Here are a couple of pics illustrating the distance between the strut brace and the brake fluid reservoir.





*TEST DRIVE REPORT*

OK, took the exy for a test-drive and noticed a difference in handling straight away on the 1st corner in my street. I then proceeded to a roundabout and gave it a bit of power at the turn and could feel the exy much more stable on such a hard turn and did not sway at all or cause a body roll.

I then proceeded to one of the streets where I could pick-up enough speed (up to 75kms/hour) and turned into another street and the exy was as stable as a rock.

I also tried doing a U turn in one of the wide street and again, handling was much better than before.

The last test involved having the left front wheel go above a high kerb (in a parked position) and let the other 3 wheels stay on a lower position on the road. I proceeded to open the tailgate and the bonnet (which usually give you trouble when the chassis flex in a position like this) and was happy to find out that both the tailgate and the bonnet opened and closed normally.

*Conclusion*

The strut bar has definitely improved handling and cornering and I can tell ya that you guys gonna have fun in roundabouts "if you have them in your country that is" 

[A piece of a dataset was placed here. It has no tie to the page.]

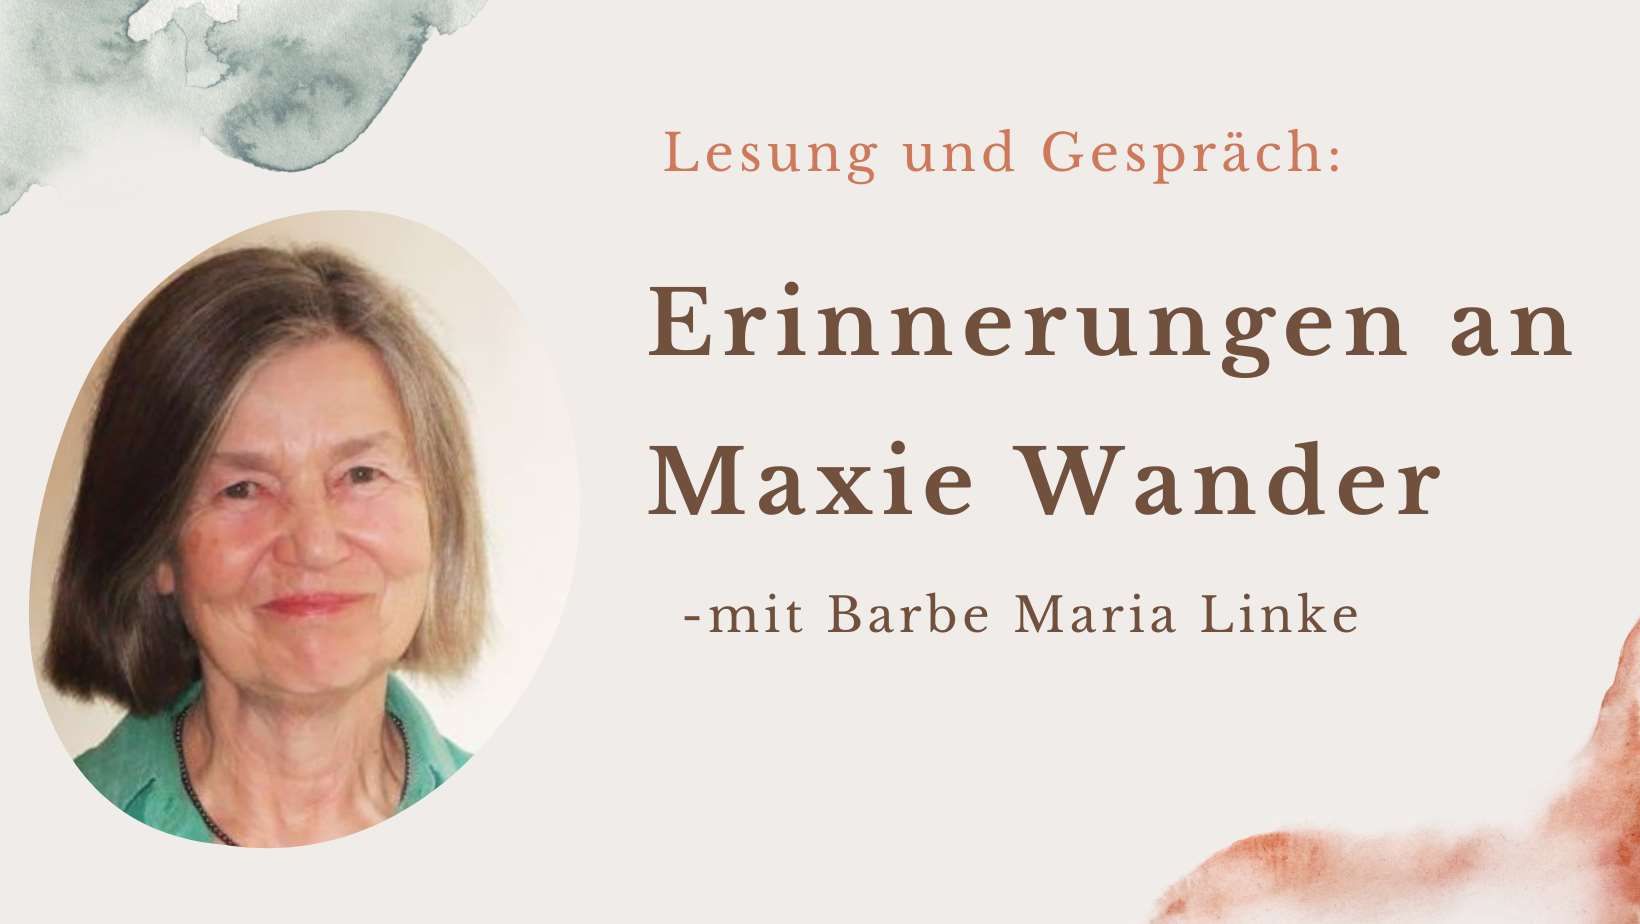 Lesung: Erinnerungen an Maxie Wander  - mit Barbe Maria Linke

Diffidently worth every Dollar spent on it and an addition well worth considering for every xtrail.

Sorry about the long post


----------



## ValBoo (May 19, 2003)

Very nice work Jalal!

Again that strut bar design looks really cool  

And I see that it leaves you with plenty of room to get that rear bolt without having to move the "cowl top" like mine did... Excellent!


(ps: please see you pm and respond. Thanks)
Marc.


----------



## thetimster (May 6, 2005)

*NICE!!!*

Great instructional and pics, Jalal! 

I am happy you got the same palpalble effect I got when my strut bar got installed. It definitely is a great addition.

One thing I did notice in your installation instructions that was absent... and one that might help in handling EVEN more... is to raise the car before tightening the bolts on the bar. 

Here is something I found at Tanabe's USA website... http://www.tanabe-usa.com/strutbars/

----------------
"Adjustable Preload 

A very common error when installing tower bars, It is always recommended to raise the vehicle when installing so that the load of the shock uppermounts on the shock towers is relieved and balanced out. When raised, and the tower bar is placed onto the vehicle, the preload can be adjusted and set. After it is bolted on and the car is lowered, each shock tower will have equal load and will prevent independent movements of each shock. This will provide an extremely noticeable difference after installing. If a tower bar is installed on a car that is not raised, great benefits will be missed."
---------------

I made the same mistake when I installed my Jaos bars. Despite that I noticed a difference in handling anyway. But when I redid it the way it was recommended, I (at least subjectively) felt added stability.

Well, the bar looks great! I'm happy you finally got one and are feeling the benefits of it. Its been on your list for a while and you certainly got one that goes very nicely with your black, bling-bling X.  Congrats!


----------



## aussietrail (Sep 24, 2004)

Thanks guys 

Tim: I'll take your advice on board and will undo just the top brace off tomorrow, raise the car and tighten again, although I don't think it would make a huge difference, as the struts themselves are still bolted in the middle even though you take the 6 bolts off.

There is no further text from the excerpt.